A adoração de Diana espalhou-se provavelmente pela cidade de Roma, começando por volta de 550 a.C., durante a sua helenização e combinação com a deusa grega Artemis. Diana foi primeiro venerada juntamente com o seu irmão e mãe, Apolo e Latona, no seu templo no Campus Martius, e mais tarde no Templo de Apolo Palatinus.

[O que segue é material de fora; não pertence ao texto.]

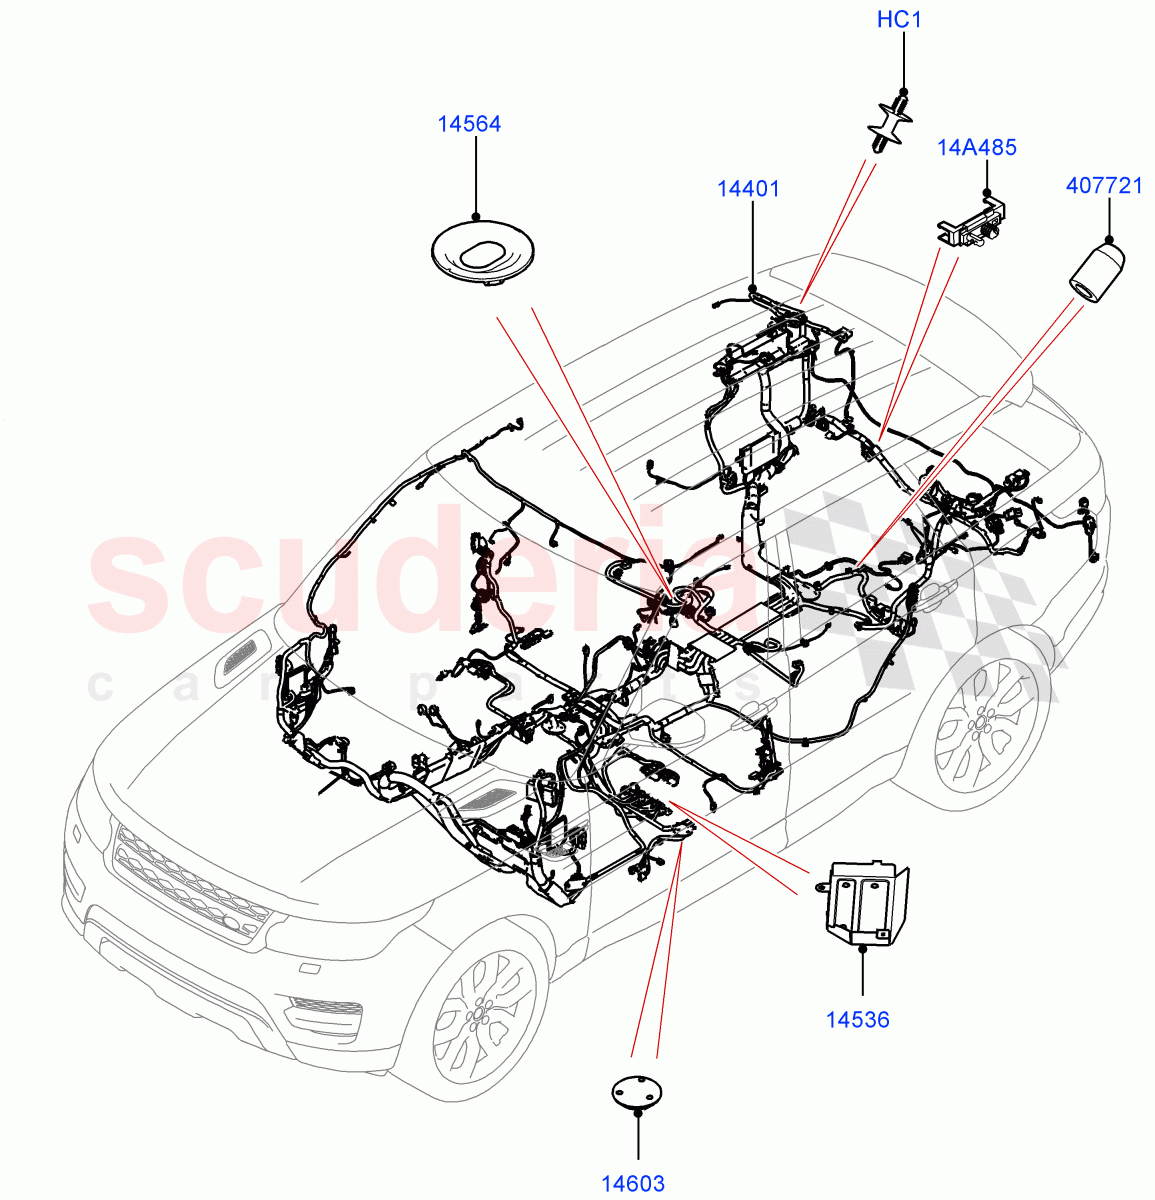 Electrical Wiring - Engine And Dash(Main Harness)((V)TOEA999999) of Land Rover Land Rover Range Rover Sport (2014+) [3.0 Diesel 24V DOHC TC]

O primeiro grande templo dedicado principalmente a Diana nas proximidades de Roma foi o Templo de Diana Aventina (Diana do Monte Aventino). Segundo o historiador romano Livy, a construção deste templo começou no século VI a.C. e foi inspirada pelas histórias do enorme Templo de Ártemis em Éfeso, que se dizia ter sido construído através dos esforços combinados de todas as cidades da Ásia Menor. Conta a lenda que Servius Tullius ficou impressionado com este acto de cooperação política e económica maciça, e convenceu as cidades da Liga Latina a trabalharem com os romanos na construção do seu próprio templo para a deusa. Contudo, não há provas convincentes de uma construção tão precoce do templo, e é mais provável que tenha sido construído no século III a.C., seguindo a influência do templo de Nemi, e provavelmente na mesma altura em que os primeiros templos de Vertumnus (que foi associado a Diana) foram construídos em Roma (264 a.C.). A ideia errada de que o Templo de Aventine foi inspirado pelo Templo de Éfeso pode ter origem no facto de as imagens de culto e estátuas utilizadas no primeiro se basearem fortemente naquelas encontradas no segundo. Qualquer que seja a data inicial da sua construção, os registos mostram que o Templo Aventino foi reconstruído por Lucius Cornificius em 32 a.C. Se ainda estivesse em uso no século IV a.C., o templo de Aventine teria sido permanentemente fechado durante a perseguição dos pagãos no falecido Império Romano. Hoje, uma pequena rua chamada Via del Tempio di Diana e uma praça associada, Piazza del Tempio di Diana, comemoram o local do templo. Parte da sua muralha encontra-se dentro de um dos salões do restaurante Apuleius.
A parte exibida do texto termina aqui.